Lee picks up a pillow and uses it as a silencer to shoot the old man in the head.
Ten minutes after Tim took and chewed the end piece of gum, I dragged her body into the shallows and tossed my bloody shirt next to her. The sharks came back. Eagerly.
I went the long way around into the lodge and slipped into my room without anybody seeing my chest wound. I bandaged myself up and went to the airport, where I made my flight out. The little plane banked out over the ocean, the sun blinding me through the window.
Tim was right. It was time to redeploy, but not for anybody except myself. Aside from the fact that she had planted someone with the Kurac to kill Trudy, putting her down was the only way
for me
to close the door and get out. I had little doubt that despite what Tim said I was a liability to her, and thus my time was winding down. Who knows what was really waiting for me in San Diego? My next assignment might be as a decoy that gets caught in the crossfire.
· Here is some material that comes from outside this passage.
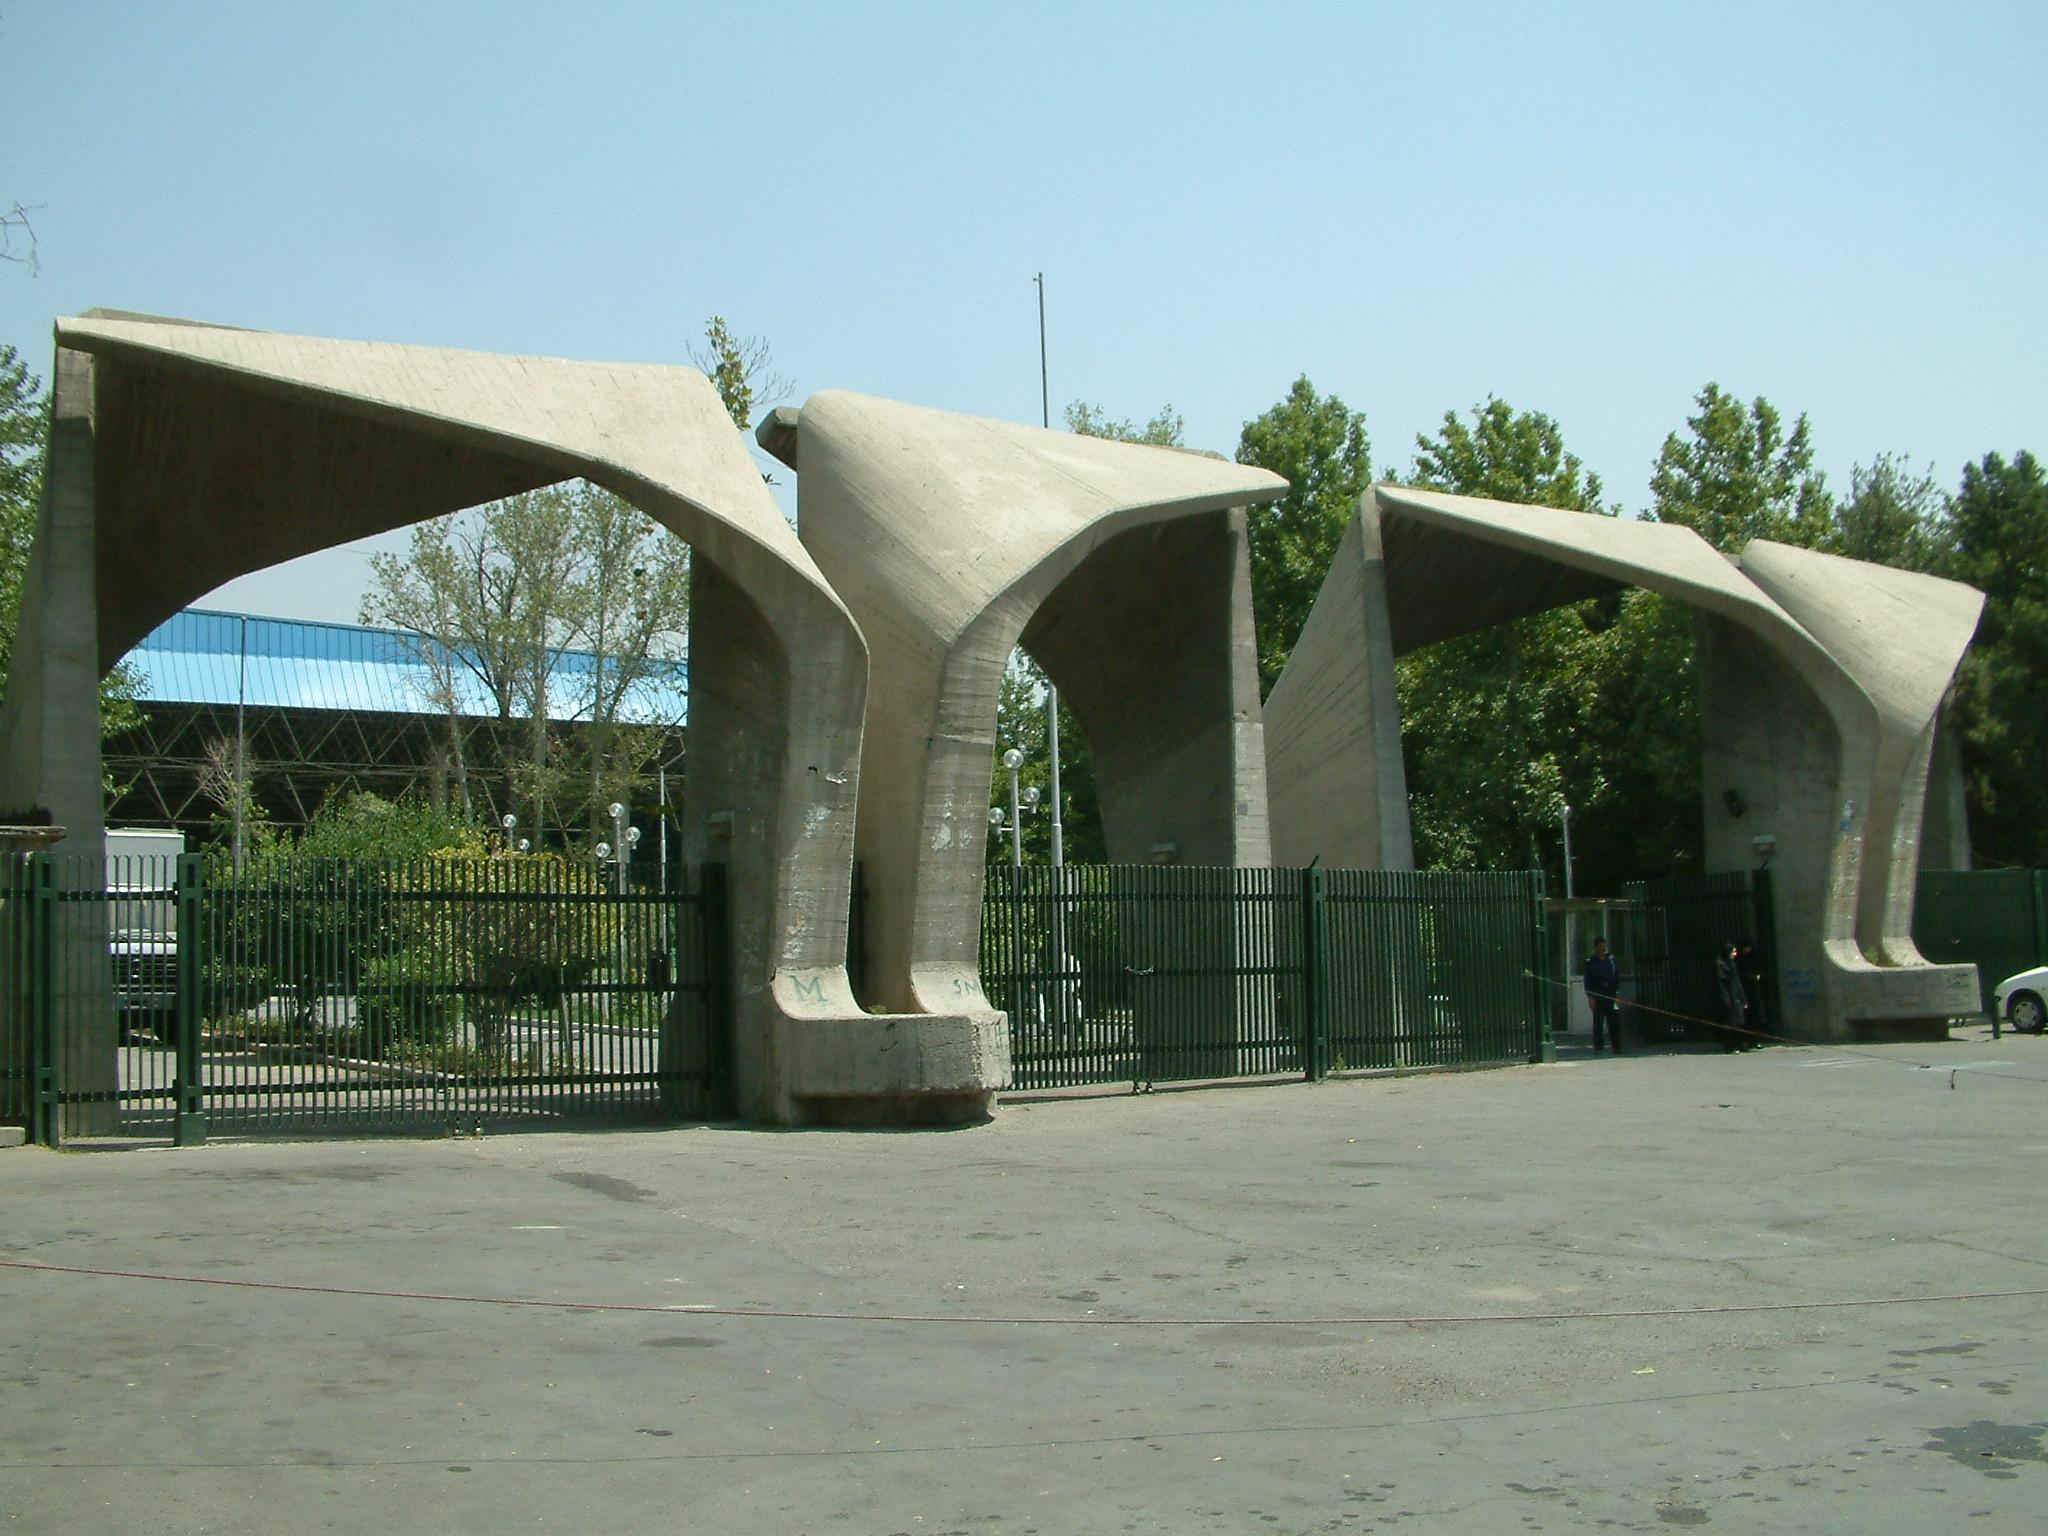 تحصیل 2000 دانشجوی خارجی علاقمند زبان فارسی در دانشگاه تهران
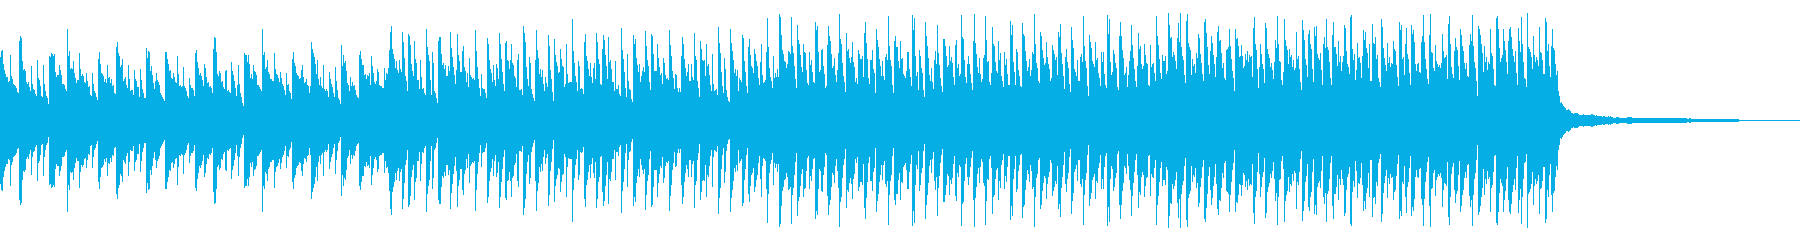 ショートver 感動的 壮大 未来感の再生済みの波形

It happened before when I was set up in the Gulf. The point was that Tim and the agency had become a liability
to me
.
The Clause works
both
ways.
My ulterior motive to complete the mission was so that Tim would let me come in for a re-deploy. I needed to confirm why Trudy fell victim to The Clause, and to keep from being expendable myself.
Nobody would ever find Tim’s body, nobody would know exactly what happened to her, but the organization would connect the dots. True, the NSA subsystem might still come after me, but maybe—just maybe—it would see that I had tidied up after myself and therefore wasn’t worth coming after, so long as I went out and stayed out. After all—wasn’t it Tim and the agency that created my situation? Weren’t they the ones letting X50 ops rise too close to the surface? I had to believe that The Clause was part of the subsystem’s logic algorithms.
Well, it didn’t matter. You have to take it one adversary at a time. I really had little choice but to put Tim down. Just as with the Chinese friends, the Kurac, and the FBI, it was a matter of eliminating one enemy after the other, playing them at cross-purposes, taking advantage of their weaknesses, until there were none left. There’s probably a Western like that. I haven’t seen it. I guess I lived it.
I shielded my eyes with my hands. From the plane’s window, I could see Turtle Bight a thousand feet below, and make out the sinister silhouettes of a few hopeful sharks gliding the flats.